Tuesday, May 17, 2011


If you are a Civil War history buff, you might associate the name Mt. Weather with a strategic mountain top fought over several times as a lookout point by both North and South; if a serious traveler, you might just know it as a place on the map of Virginia in the Blue Ridge mountains about fifty miles west of Washington D.C. right next to the West Virginia line. If you are something of a conspiratorialist, you might recall articles describing the place as “Doomsday City”, or something similar. Actually, you would be right on all counts.
First constructed during the Cold War as an “Alternate National Capital”, it is –among other things – a vast, hardened, underground facility equipped to keep our government working in any kind of calamity or disaster, complete with a subterranean infrastructure. It is, in short, one of the most protected and secret sites in America. I cite these facts to underline the sense of aloneness and isolation I felt during a one-week stay there a few years ago in the course of anti-terrorism and weapons-of-mass-destruction training. Our small handful of emergency planners and responders from “the outside world” were restricted to carefully-marked walkways, corridors and buildings, and our quarters, while adequate, were almost reclusive.
One evening, I had repaired to my second-floor room when I heard the skirling notes of a bagpipe – a sound which has always struck a responsive chord in my inner being. I descended the stairs, and popped my head outdoors, not at all sure whether I might merely be hearing someone’s radio or tape recorder. My heart began to take special notice as I recognized the familiar notes of “Amazing Grace”, a favorite of every piper I had ever known. At last sure of direction, I strolled a ways down one of the few roadways not marked “off limits” to us, and into view came the figure of a fellow student from Utah, standing alone on a patch of lawn, playing his heart out. One by one, a few others from our small cadre joined us, sitting on a piece of nearby curbing or tree stump, surrounded by the emptiness of the secret underground city beneath our feet, mesmerized by the unexpected magic of the music. Not just any music, but one of the most beloved of American hymn songs for more than two centuries. Especially revered by members of the military, and often played as well at the funerals of police and firefighters, it is generally looked upon as “American as apple pie”; part and parcel of our unique cultural heritage.

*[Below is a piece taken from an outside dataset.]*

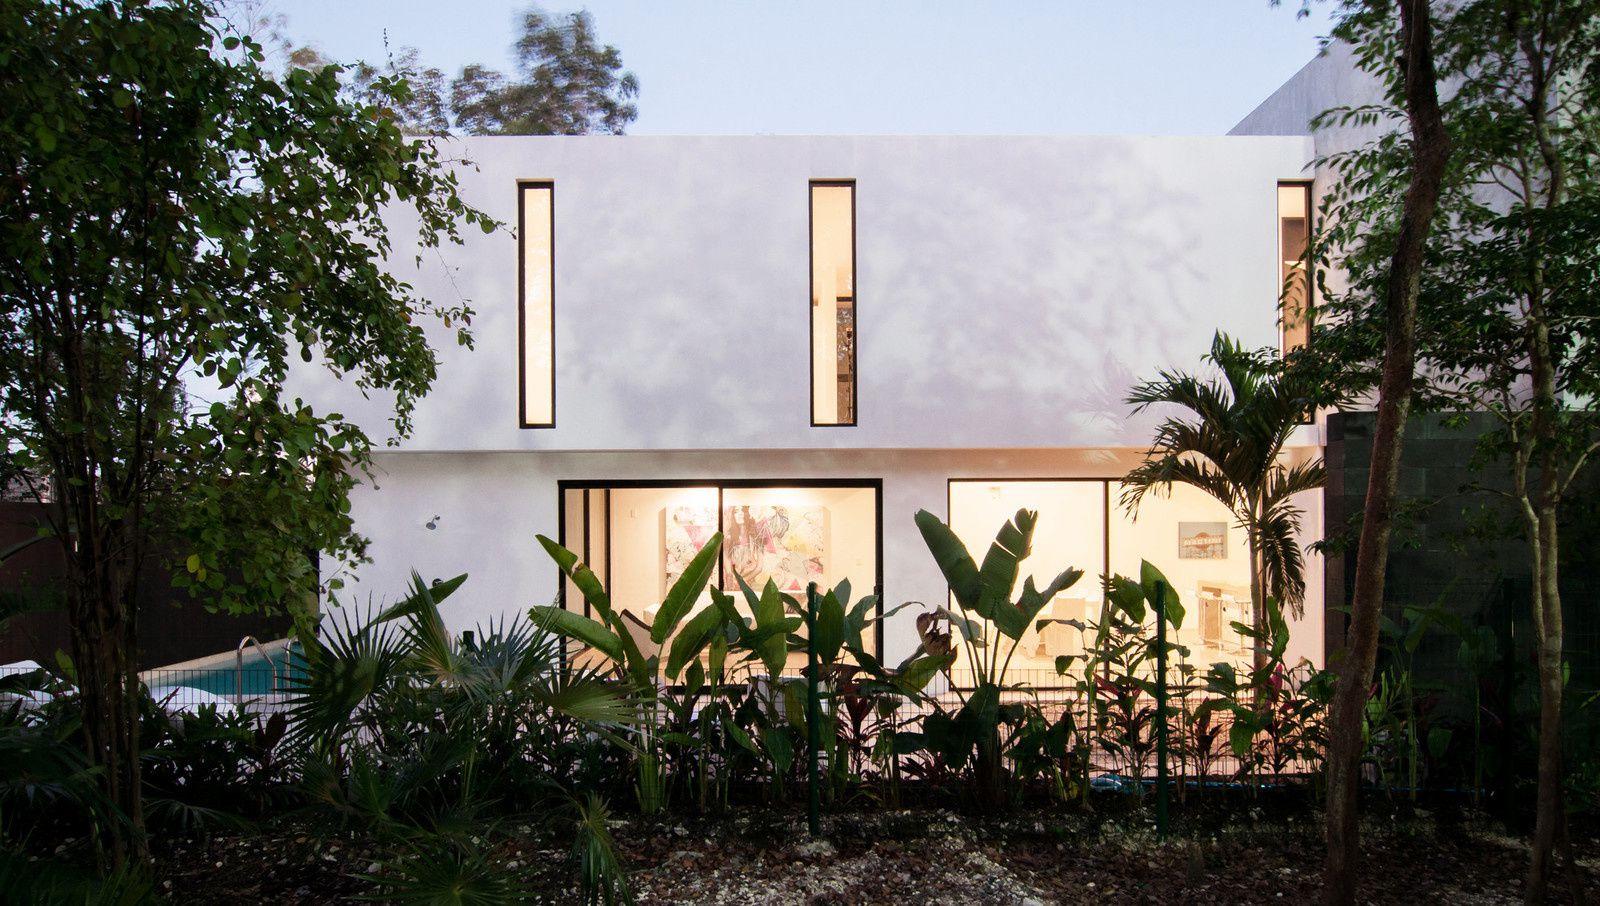 Garcias House - Warm Architects

While the connection with frontier America is certainly true, with the words and music appearing in the hymn books of dozens of denominations dating back to the 18th century, the words are the gift of an English preacher named John Newton, an individual whose story reads like a piece of creative fiction. Born in London in 1725 the son of a ship’s master, he followed his father to sea, serving on the crew of a British man-of-war in the most harsh and brutal of environments. As punishment for an attempt to desert, he was consigned to service on a slave ship, eventually working in the English slave trade in Sierra Leone where he was subjected to humiliating abuse at the hands of the master he served. His personal epiphany came in the midst of a terrible storm at sea in May, 1848. So profound was the depth of the religious conversion which took place within him that night that he forever after counted his life as beginning on that night.
Burdened with an overpowering sense of guilt, he channeled his life into becoming an ordained minister in The Church of England and finding a way to redeem himself from what he saw as a sinful past forever blemished by an association with slavery. Unlike other preachers whose service was marked by an outward piousness, Newton presented himself as a repentant “sinner” seeking his own way back while reaching out to others. His little parish at Olney, Buckinghamshire attracted such a following that the building had to be enlarged. There he authored the words to as many as 280 hymns, and the “Olney Hymn Book” was born and found its way across the Atlantic to the New World.
Students of church music history are unsure of the origins of the music which became intertwined with Newton’s powerful words, but I for one would find a touch of eternal justice in the opinion that it came from a spiritual melody raised by the voices of some of those same black slaves.
Amazing grace! (How sweet the sound)
That sav’d a wretch like me!
I once was lost, but now am found.
Was blind, but now I see.

The vicarage in Olney, Buckinghamshire, England where John Newton often met with such fellow writers of verse as William Cowper, and where he wrote “Amazing Grace” around 1760.